Maar wat we zien, is het beeld van lesbiennes en homo’s door de ogen van hetero’s. Afgebakend, overzichtelijk, veilig. In Modern family zie je heterostel Claire en Phill nog wel eens samen in bed liggen of een scène spelen die gaat over seks. Bij gaykoppel Cameron en Mitchell is een voorzichtig kusje op de mond het maximale wat we op dat vlak te zien krijgen.
Dat raakt opnieuw aan de machtsverhouding waarvan sprake is. Zolang iets past binnen een vanuit hetero’s geschetste veilige marge is er geen vuiltje aan de lucht. Maar o wee als het daarbuiten valt. Zoals een voormalig buurvrouw eens tegen me zei: “Twee vrouwen vind ik prima, maar twee mannen samen hoef ik niet te zien.”
Profileren
Leuk, dacht ik, maar dan gaat het toch ook over mij? Hoe kan ik me vrij en geaccepteerd voelen als, in dit geval, homo’s dat niet kunnen? Je kunt als meerderheid ‘anders-zijn’ niet accepteren zoals het jou uitkomt. Je accepteert ‘anders-zijn’ door de eerste gedachte of de eerste emotie die je voelt net even iets langer vast te houden voor je in oordelen vervalt. Door net even iets langer na te denken en je af te vragen: vind ik dit echt zo erg? Of: waarom vind ik dit zo moeilijk? En: is dit echt zo anders?

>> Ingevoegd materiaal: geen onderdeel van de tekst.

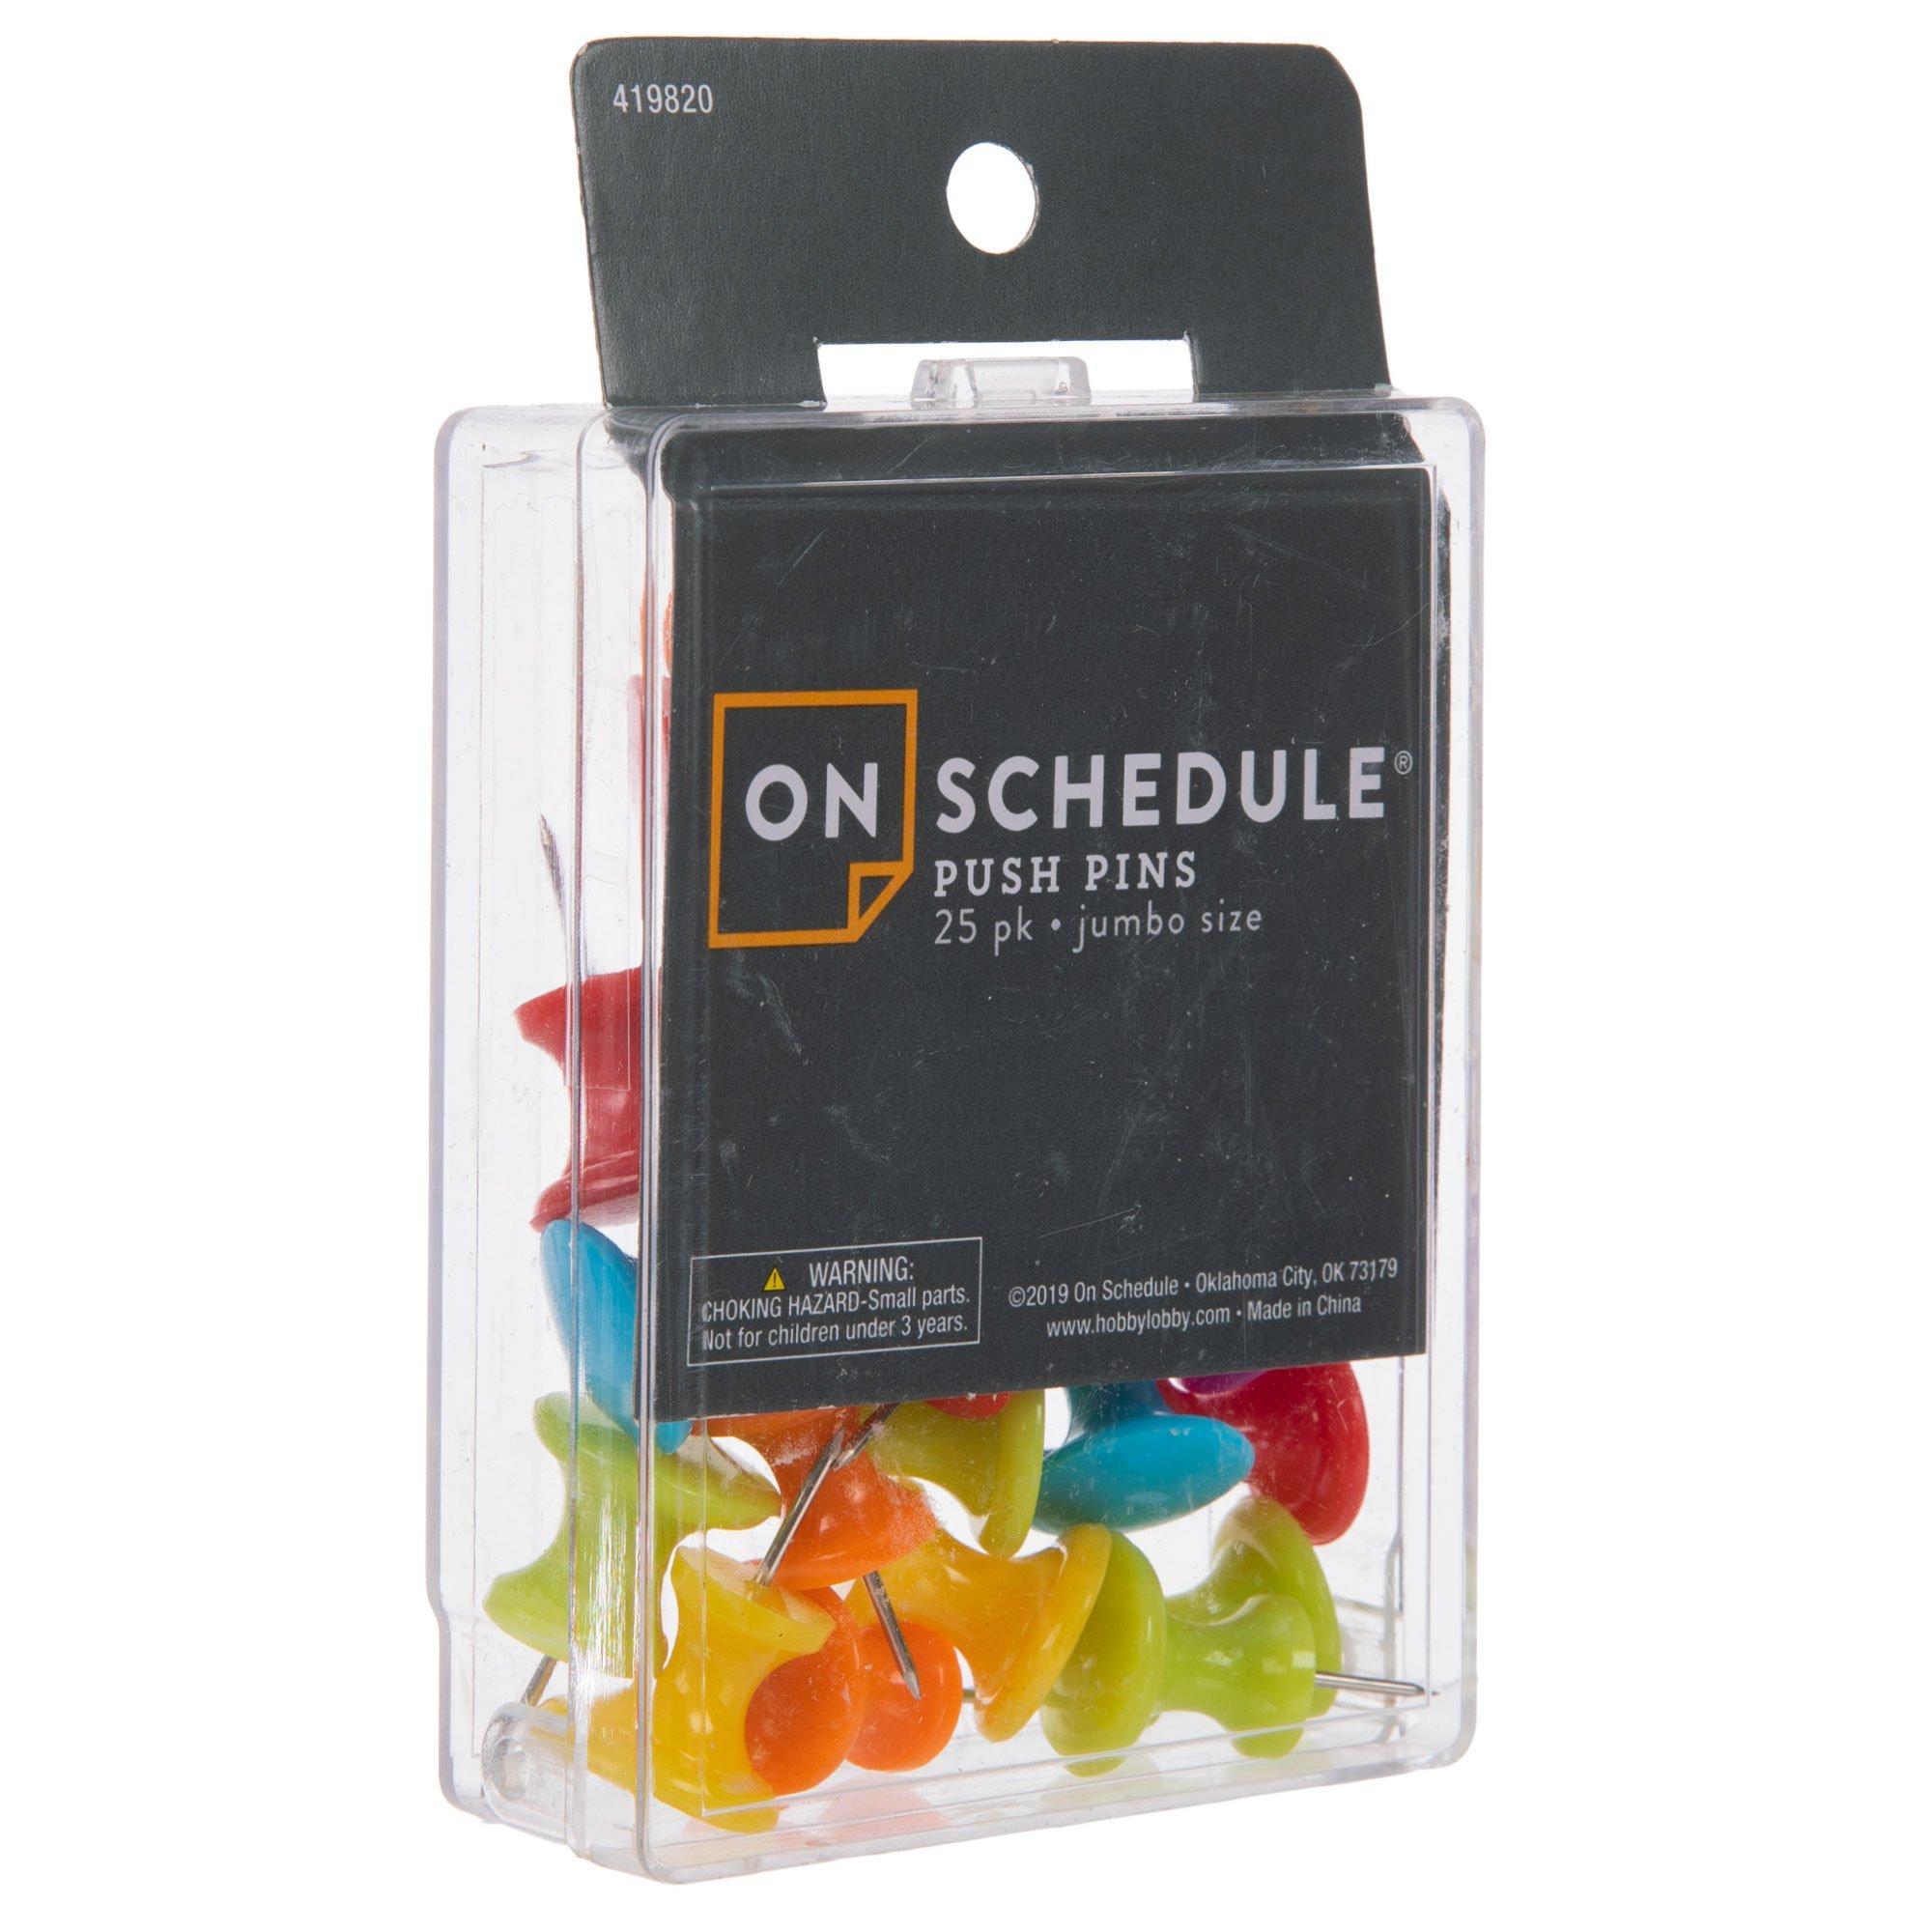 Office Works Push Pins - Assorted, 100 pk - Kroger
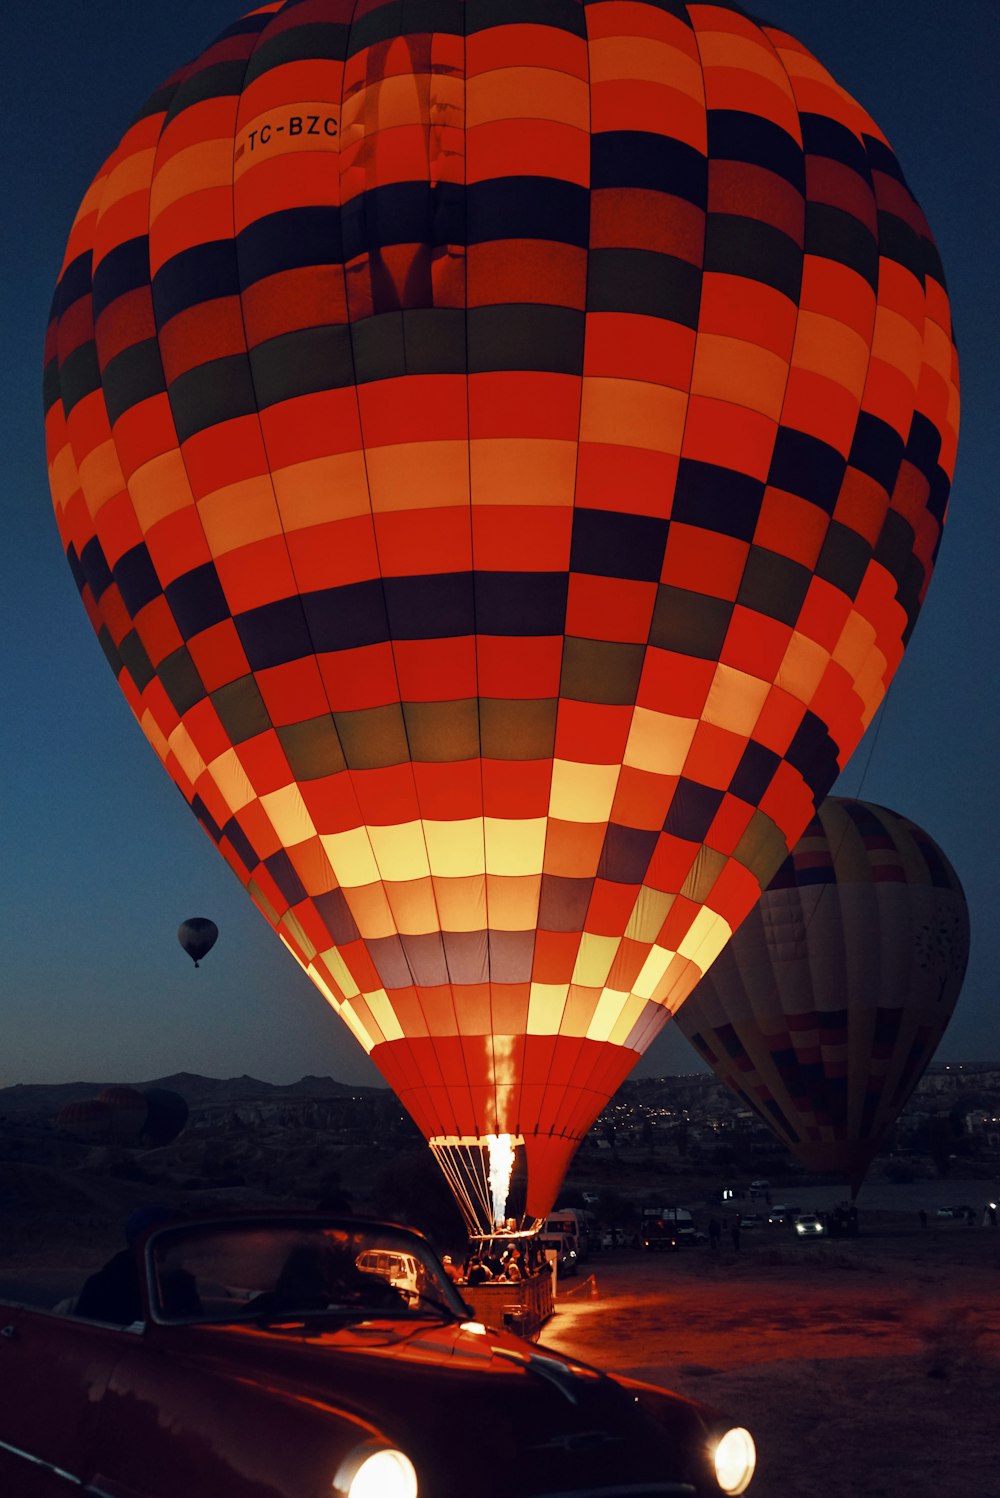 a hot air balloon with a car in the foreground

De feministen en lesbische vrouwen van de jaren zestig zetten zich juist af tegen heersende machtsstructuren door zich anders te kleden en zich zichtbaar te maken. Ik begrijp waarom ze dat deden en ik ben er blij om want ze hebben er veel mee bereikt.
Maar ik heb me nooit ‘lesbisch’ gevoeld of de behoefte gehad me als zodanig te profileren – behalve dan op datingsite Lexa, waar het dan wel weer handig was. Ik vind ook niet dat ik dat hoef te doen. Ik wil me niet als ‘anders’ hoeven profileren om duidelijk te maken wat dan wél de norm is. Ik wil niet hoeven opvallen om erbij te mogen horen.
Afdwingen hoe mensen naar me kijken kan ik niet. Ik heb wel een tip. Zoals mijn goede vriend Andy van mindfulness-app Headspace altijd zegt: ‘Note it’. Ben je bewust van wat je denkt of voelt: ‘O, oké, deze vrouw heeft een vriendin’, of: ‘O, hé, twee kussende mannen’ – en laat het dan weer gaan. Dat is genoeg om het verschil te markeren. Want echt, zo heel anders zijn we niet.